The medicinal use of marijuana: “We need more data,” panel says

Cannabis leafAlthough legalization of medical marijuana in Pennsylvania may be inevitable, more study of the medicinal use of cannabis is needed, said a panel of psychiatry faculty members during a clinical grand rounds, “Marijuana Demystified,” at Western Psychiatric Institute and Clinic Feb. 6.

“We’re going to talk science, not ideology; we’re going to talk evidence-based … what we know, what we do not know and what needs to be studied,” said Antoine Douaihy. “There is so much of that debate that is not based on scientific opinion.” He labeled Pew Research Center surveys showing increasing numbers of Americans accepting the idea of legal marijuana use “interesting, disturbing, challenging.”

Added John Rozel: “The professional and scientific consensus at this point in just about every medical organization, is: ‘We need more data.’”

“‘Medical marijuana’ is not a term endorsed by any medical society,” said Julie Kmiec. “It is a political term.”

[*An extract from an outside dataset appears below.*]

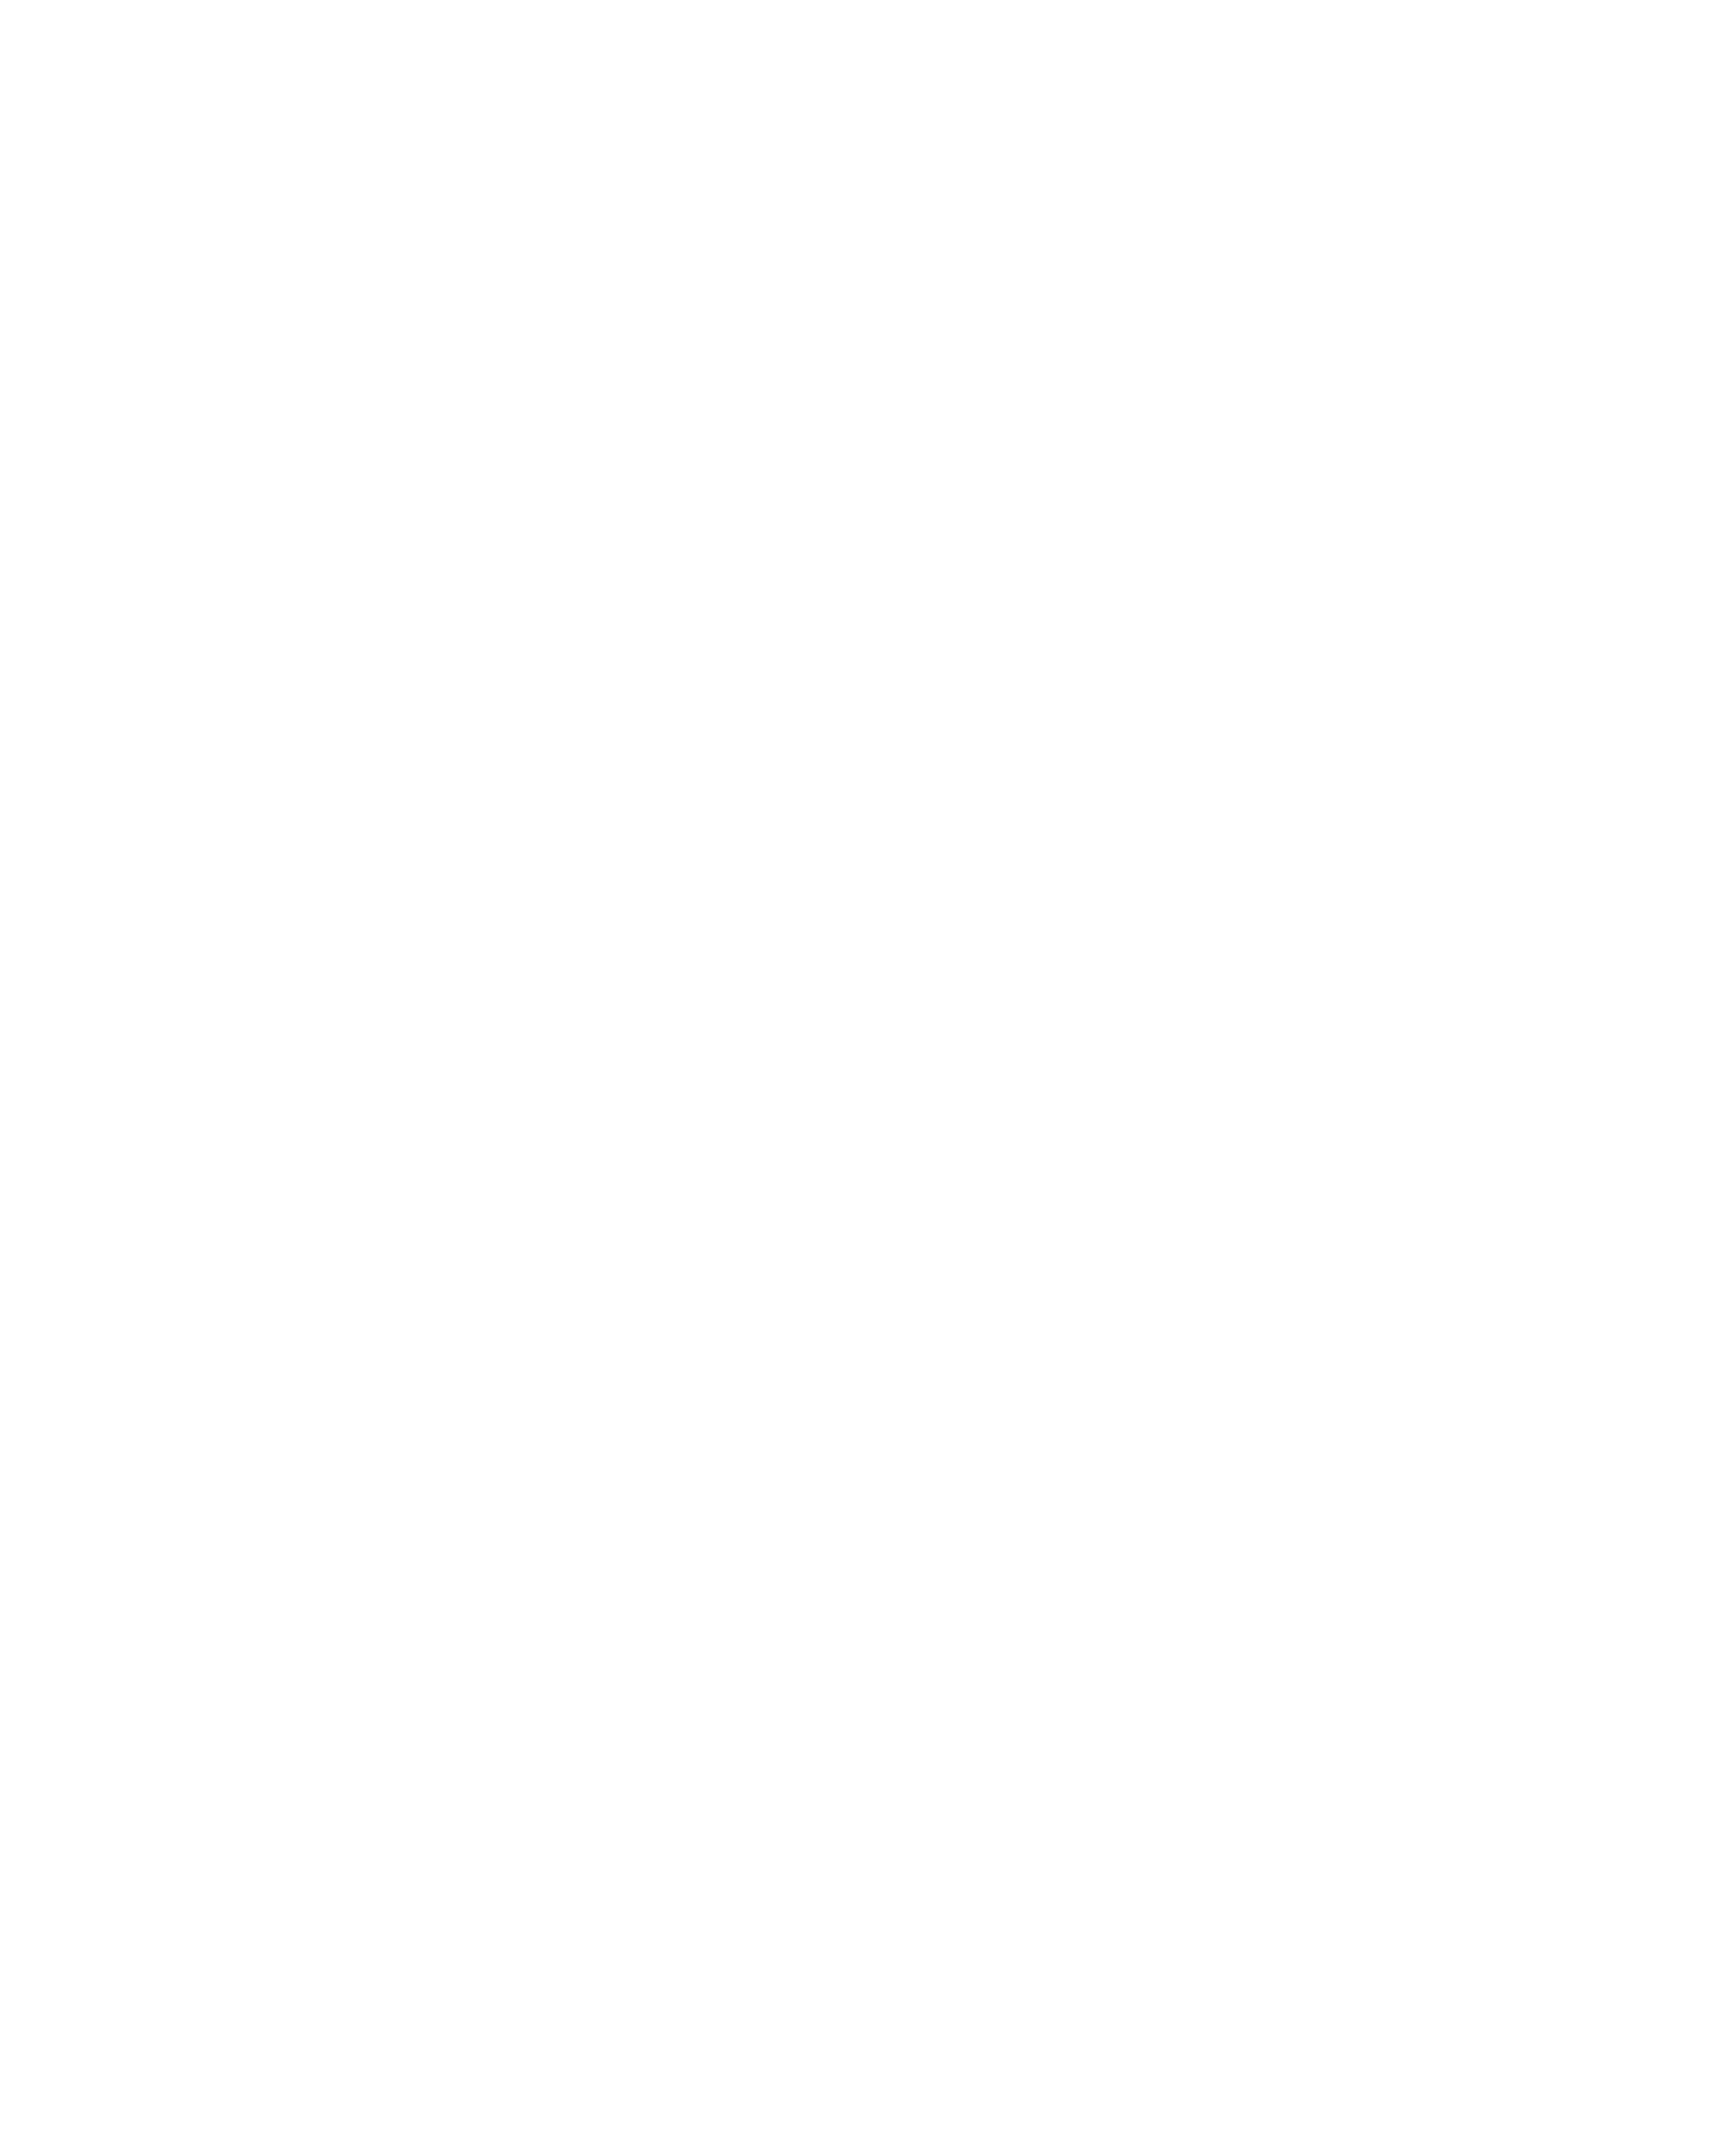 cc_white.png
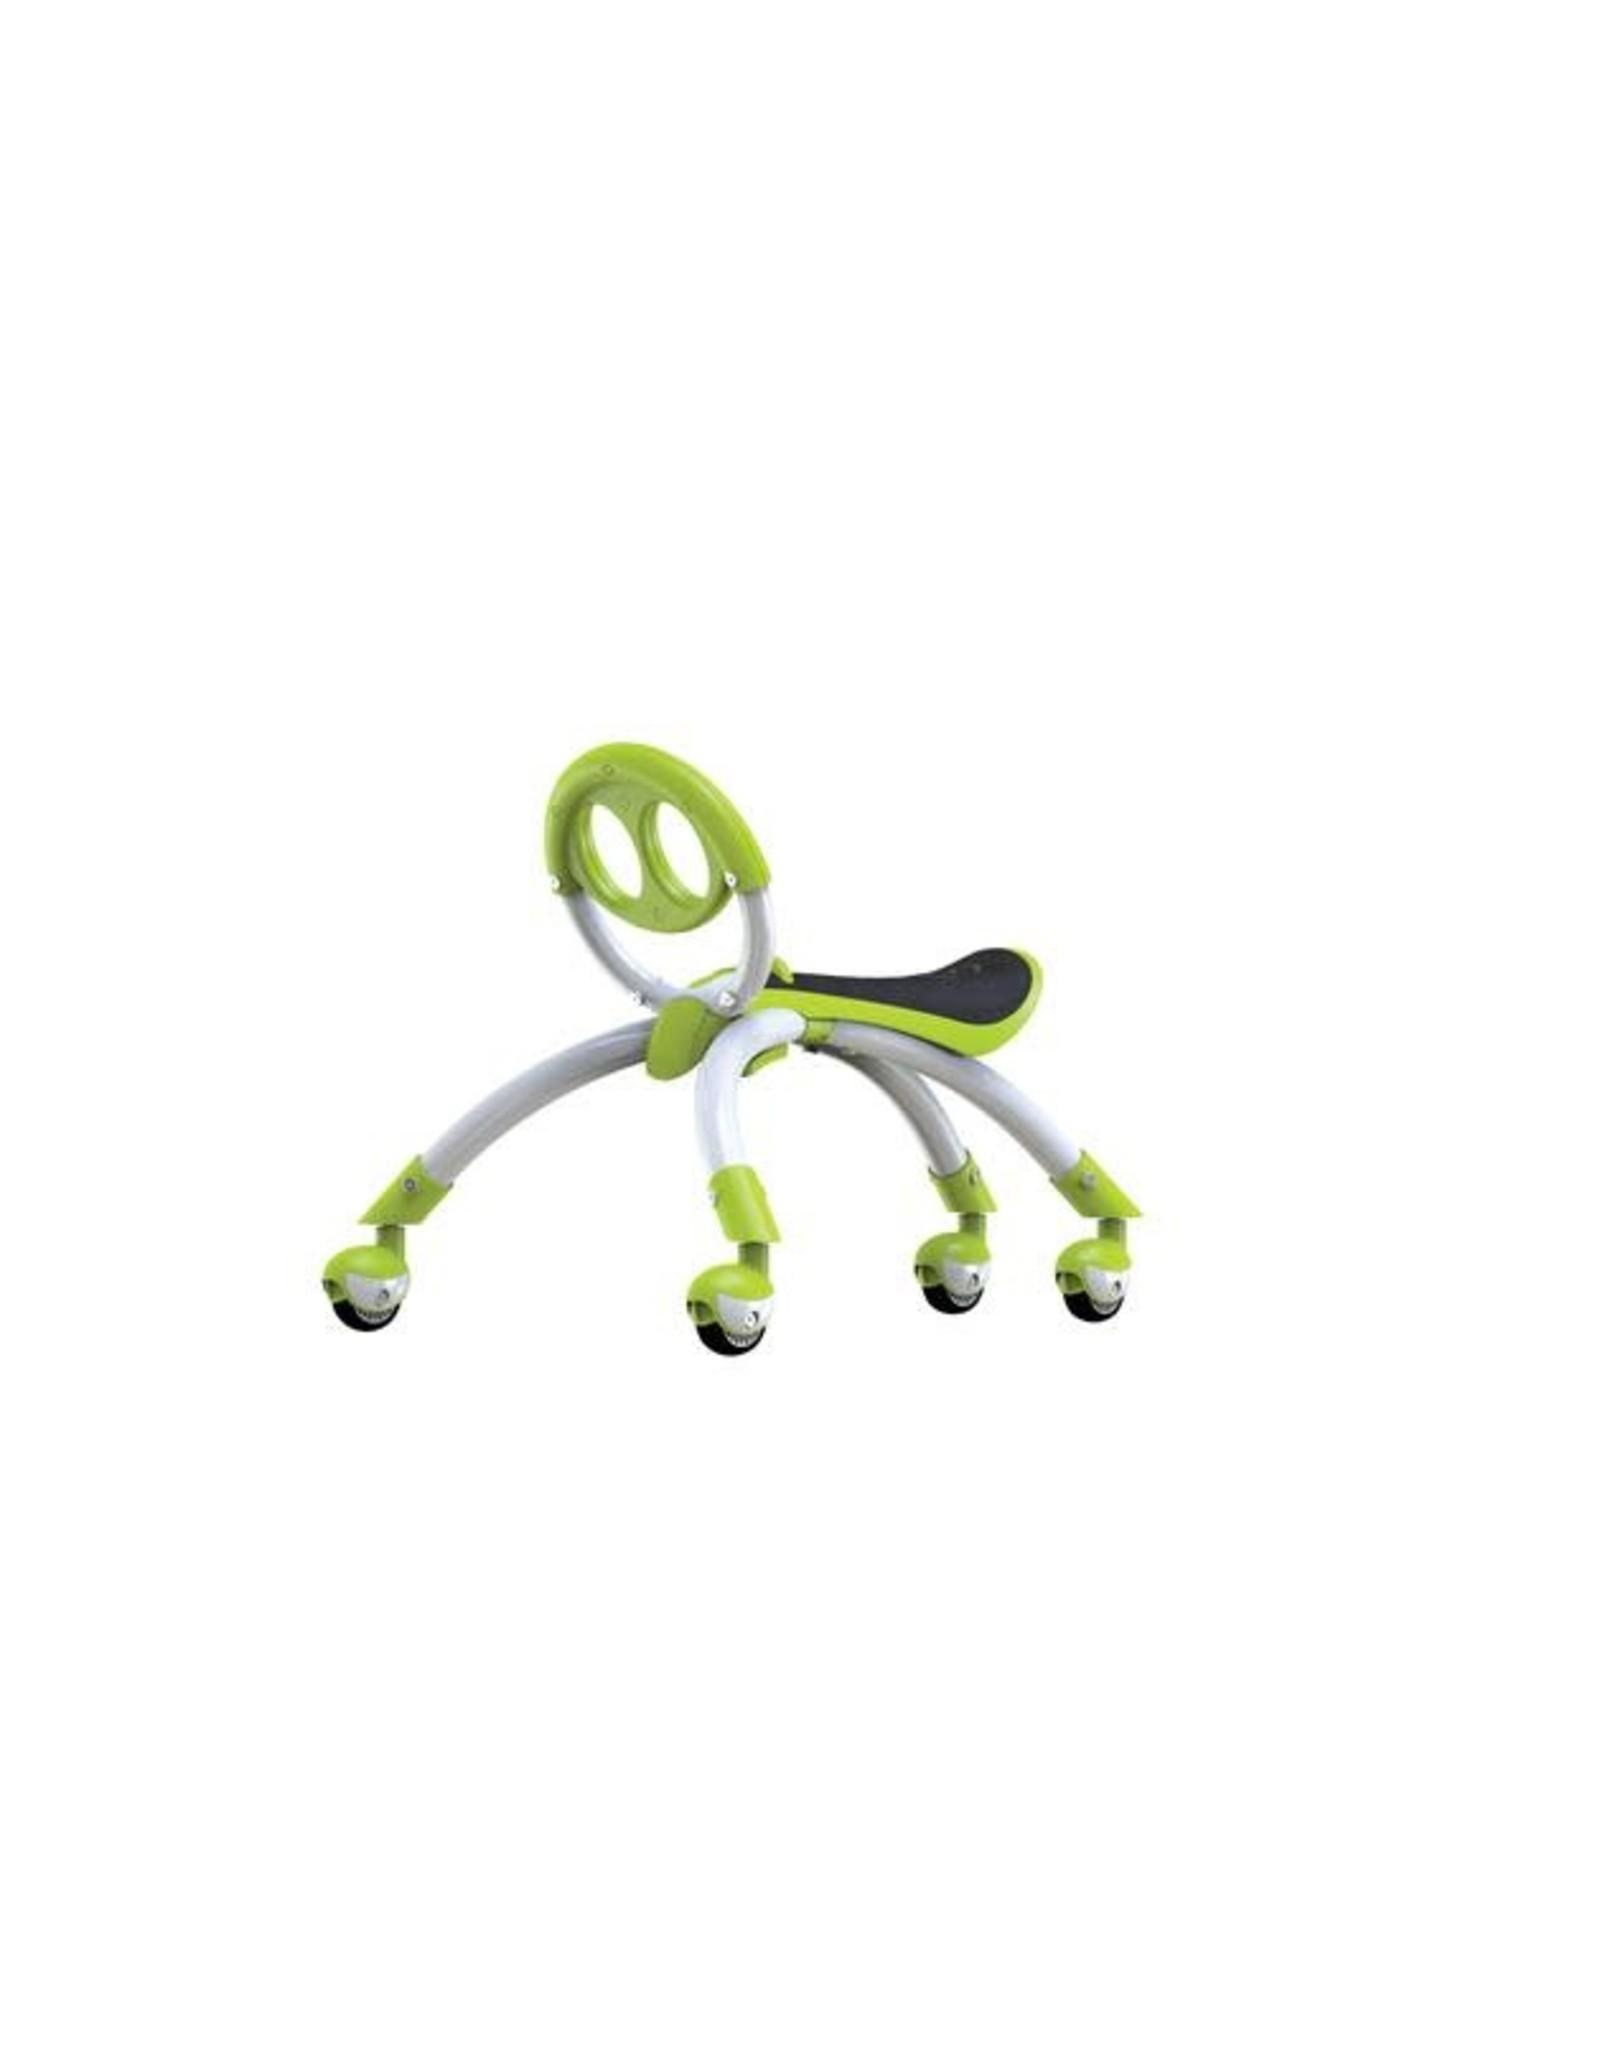 National Sporting Goods Co. YBike Pewi Elite, Green

Families of pediatric epilepsy patients whose frequent seizures are uncontrolled by current medications have been protesting in Harrisburg, she noted, promoting the legalization of cannabidiol, a non-intoxicating ingredient in marijuana that can have medical benefits for such children.

“There are some medical benefits” of marijuana, Kmiec allowed. It has been shown to alleviate nausea and vomiting as a side effect of chemotherapy and help with AIDS wasting syndrome. It also may decrease spasticity in multiple sclerosis patients, cancer pain, rheumatoid arthritis symptoms and neurotropic pain.

But there also are known harms, usually from chronic use of marijuana, she said. Nine percent of marijuana users become addicted, and marijuana users more often move on to stronger illicit drugs, findings she acknowledged were sometimes disputed but which have been confirmed via studies of twins.

Some marijuana users also show “diminished lifetime achievement,” from career progress to relationship satisfaction, she noted, as well as increased numbers of motor vehicle accidents and performance impairment among pilots tested in flight simulators, even 24 hours after smoking.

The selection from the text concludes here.